AI at Meta: Transparency about our training data

Meta is excited to bring artificial intelligence (AI) experiences to people and businesses across Meta Products worldwide.

What is AI at Meta?

AI at Meta is our collection of generative AI features and experiences, such as Meta AI and AI creative tools, along with the models that power them. This also includes models we make available through an open platform to support researchers, developers and others in the AI community. AI at Meta helps people solve complex problems, be more imaginative and create something never seen before. From bringing real-time answers to chat, to helping people organize and plan for their next vacation, to giving them more ways to express themselves, AI at Meta helps people enhance their everyday activities, experiences and moments.
Here’s more about the information we use for AI at Meta, where it comes from and how it works.
Data sources
Where does the data come from?
The information we use to develop and improve AI at Meta includes a mix of publicly available data, licensed data and information from Meta’s products and services. This includes publicly shared posts from Instagram and Facebook and people’s interactions with AI at Meta features.
Intended purpose
How does this data help AI at Meta do what it’s designed to do?
The datasets used to train AI at Meta are selected to help ensure the models can understand and generate language, audio, images, and video in a way that is accurate, relevant and safe for the people who use our products.
  • Public and licensed data provide the breadth and quality needed for general intelligence.
  • Public content from Meta products helps ensure the models are contextually aware and behave in a way that’s aligned with people’s expectations.
  • Information from people’s interactions allows for continuous improvement of AI features.
Together, these datasets enable AI at Meta to fulfill their intended purposes of providing helpful, engaging and responsible AI features and experiences.
Amount of data
How much information or how many data points were used to create AI at Meta?
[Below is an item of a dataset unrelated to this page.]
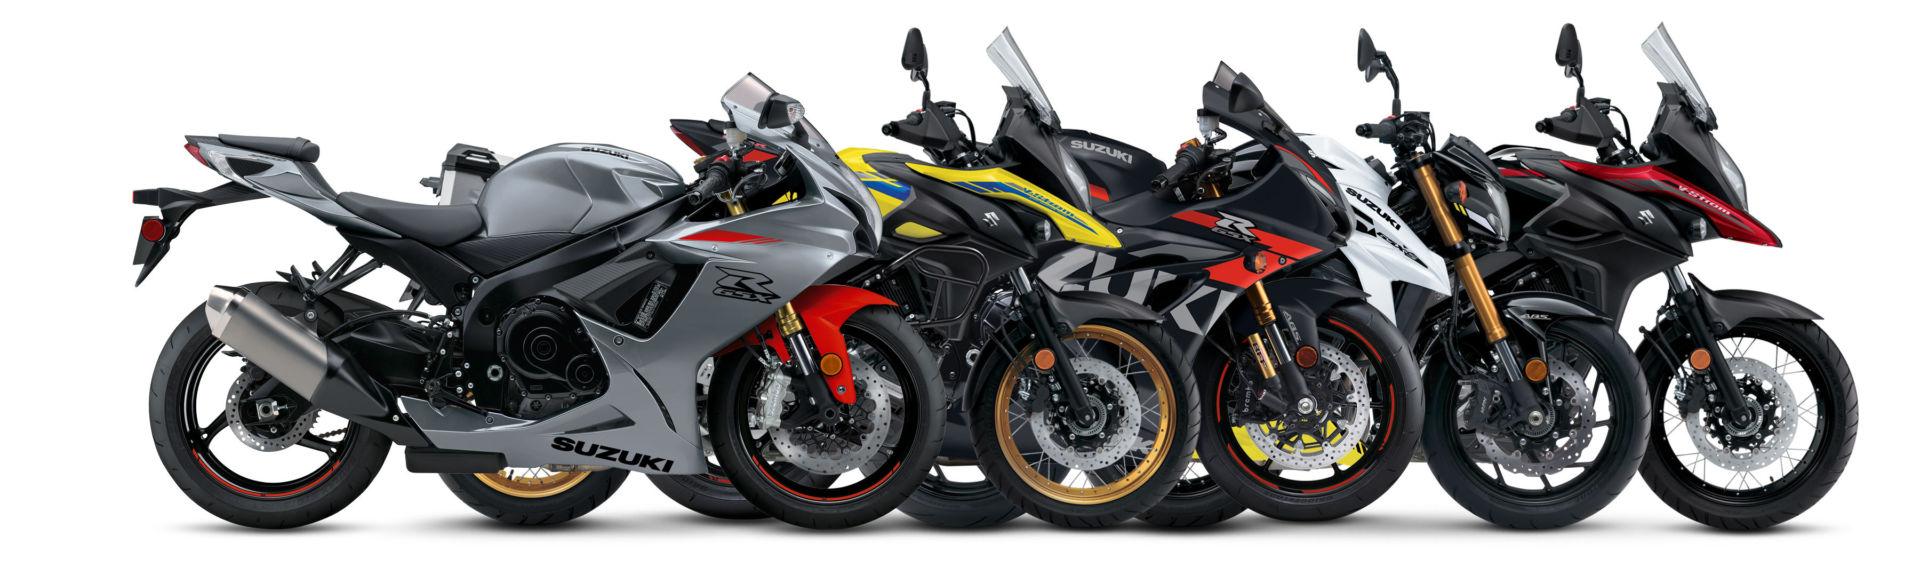 2021 model Suzuki motorcycles (from left): GSX-R750, V-Strom 650XT Adventure, GSX-R1000R, GSX-S750 ABS, and V-Strom 650XT. Photo courtesy Suzuki Motor of America, Inc.

AI at Meta uses various model types and sizes to optimize for different performance and use case needs. Generally, models are trained on trillions of tokens, which are pieces of information of different types. A token can be a word or part of a word, a piece of an image or milliseconds of video.
Types of data
What kind of information or data points were used?
We train AI at Meta mostly using unlabeled data that includes raw text, images, audio, video and related information from publicly available and licensed sources. Where labels are applied to the data, they might show things like sentiment, topic, safety, relevance, image captions or human ratings.
Protected data
Is any of the data we use protected by copyright, trademark or patent?
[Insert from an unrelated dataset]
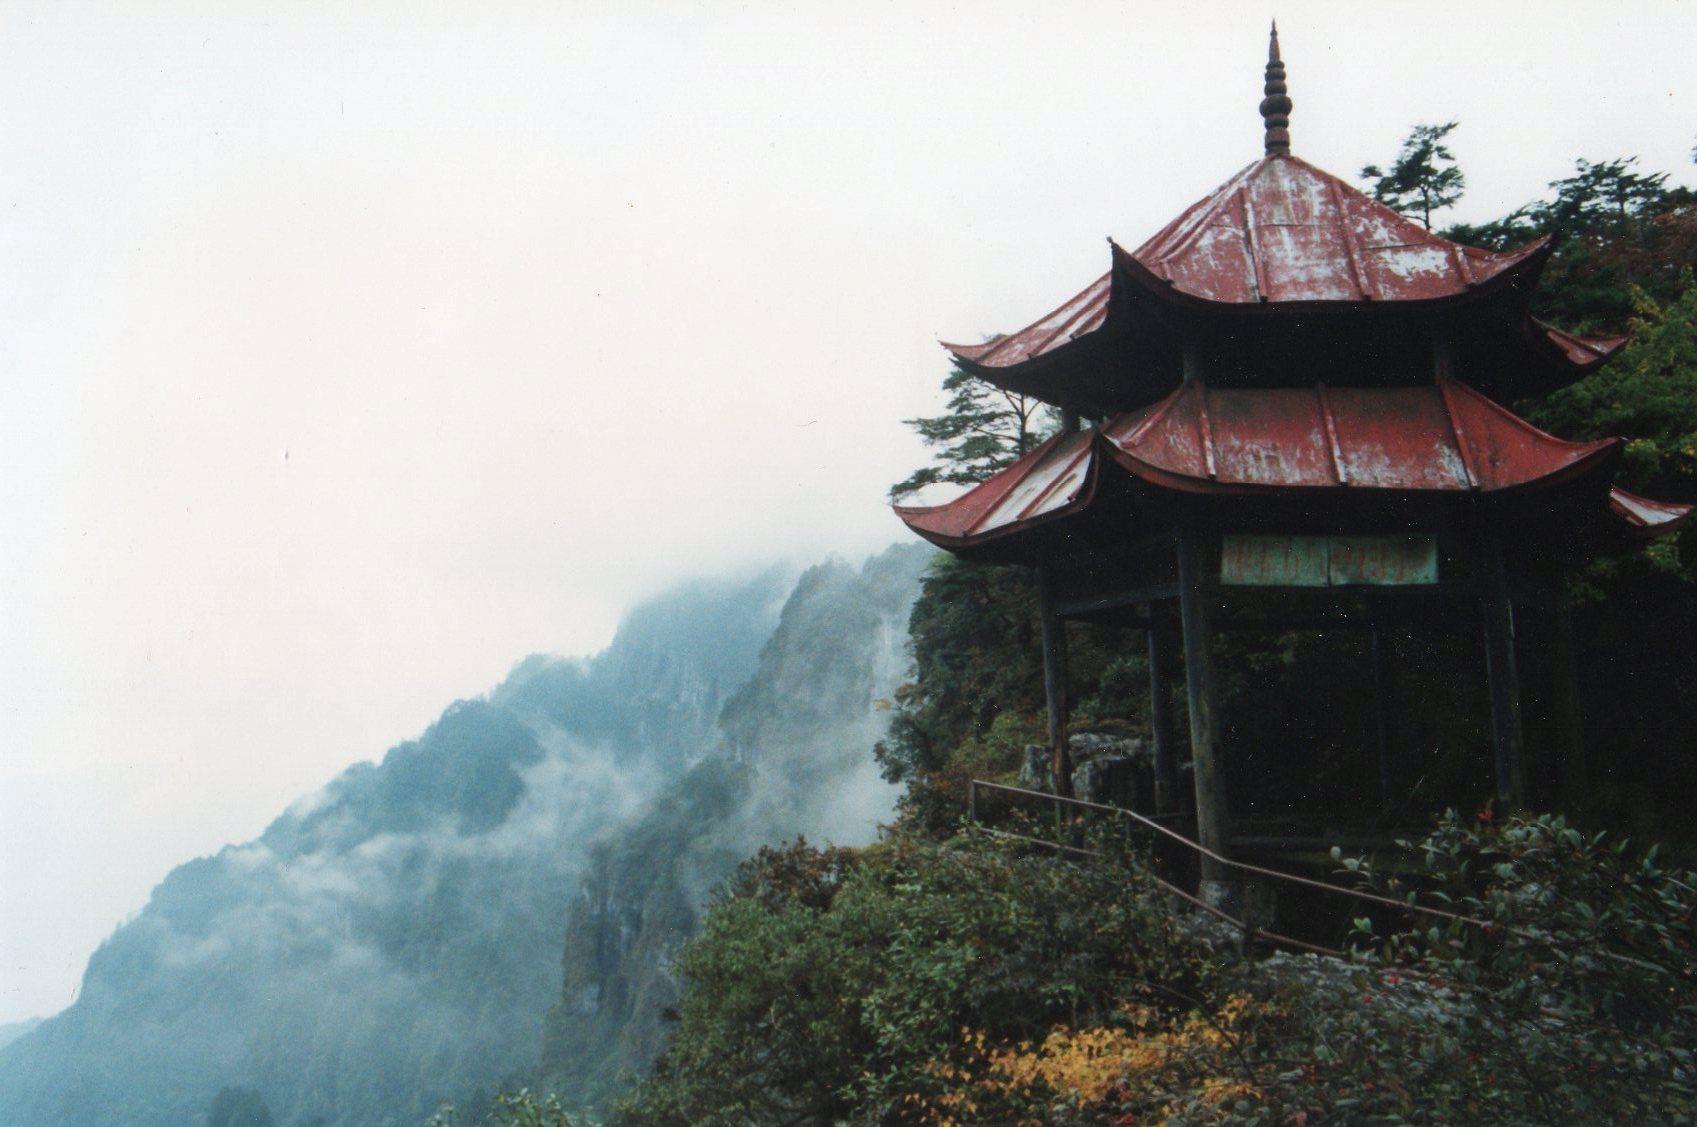 China Sichuan, Emei Shan, Clifftop pavilion, all rust in 1991, Walkopedia

The datasets used for AI at Meta include a mix of publicly available, licensed and user-generated data. The copyright, trademark and patent status of data will depend upon, among other things, the nature of the specific data and the application of relevant intellectual property laws.
Purchased or licensed data
Were datasets purchased or licensed?
Some datasets are purchased or licensed from third parties, including commercial datasets and partner content.
Personal information
Do datasets include personal information
Datasets used to train AI at Meta may include information such as names or other details that people share publicly on our products or provide through their interactions with AI at Meta.
Aggregated consumer information
Do the datasets include information combined from many people that can’t be used to identify them?
Datasets used to train AI at Meta may include aggregate (i.e., combined) consumer information, such as group-level statistics or de-identified, aggregated data.
Data processing
If data was processed or modified, what was the purpose?
Meta at times reformats data and/or applies labels for training and evaluating models. Meta applies extensive cleaning, processing and modification to datasets used for AI systems. These efforts may include , de-identifying and aggregating certain data, removing duplicates and low-quality content and applying privacy and safety safeguards. This is intended to protect people’s privacy, help ensure data quality and safety, and support the responsible and effective development of AI at Meta.
Synthetic data
Is or was any synthetic data used?
AI at Meta generates and uses synthetic data to build and improve its generative artificial intelligence systems and services. Synthetic data is generated and used for several purposes, including:
  • To augment existing data with additional context like labels
  • To help when there isn’t enough data to work with or when we have more of some types of data than others
  • To help ensure that AI at Meta is reliable, safe and efficient
Start of data use
When was the data first used?
AI at Meta is developed and improved using datasets that are collected and incorporated on a rolling, ongoing basis. Because data collection and integration are continuous, there is no single date on which all datasets were first used. To improve AI at Meta, new data is regularly added from sources like:
  • Public sources
  • Licensed partners
  • Public content from Meta’s products
  • People’s interactions with AI at Meta features
  • Synthetic data
This ongoing process helps ensure that AI at Meta continues to develop and improve.
Data collection
What is the time frame during which the data was collected?
Meta collects and uses datasets to train and improve AI at Meta on an ongoing basis. There isn’t just one window of time when all the data was gathered. Instead, Meta keeps updating its data with new information from sources like:
  • Public sources
  • Licensed partners
  • Public content from Meta’s products
  • People’s interactions with AI at Meta features
  • Synthetic data
This ongoing process helps ensure that AI at Meta is developed and improved using the most current and relevant data available.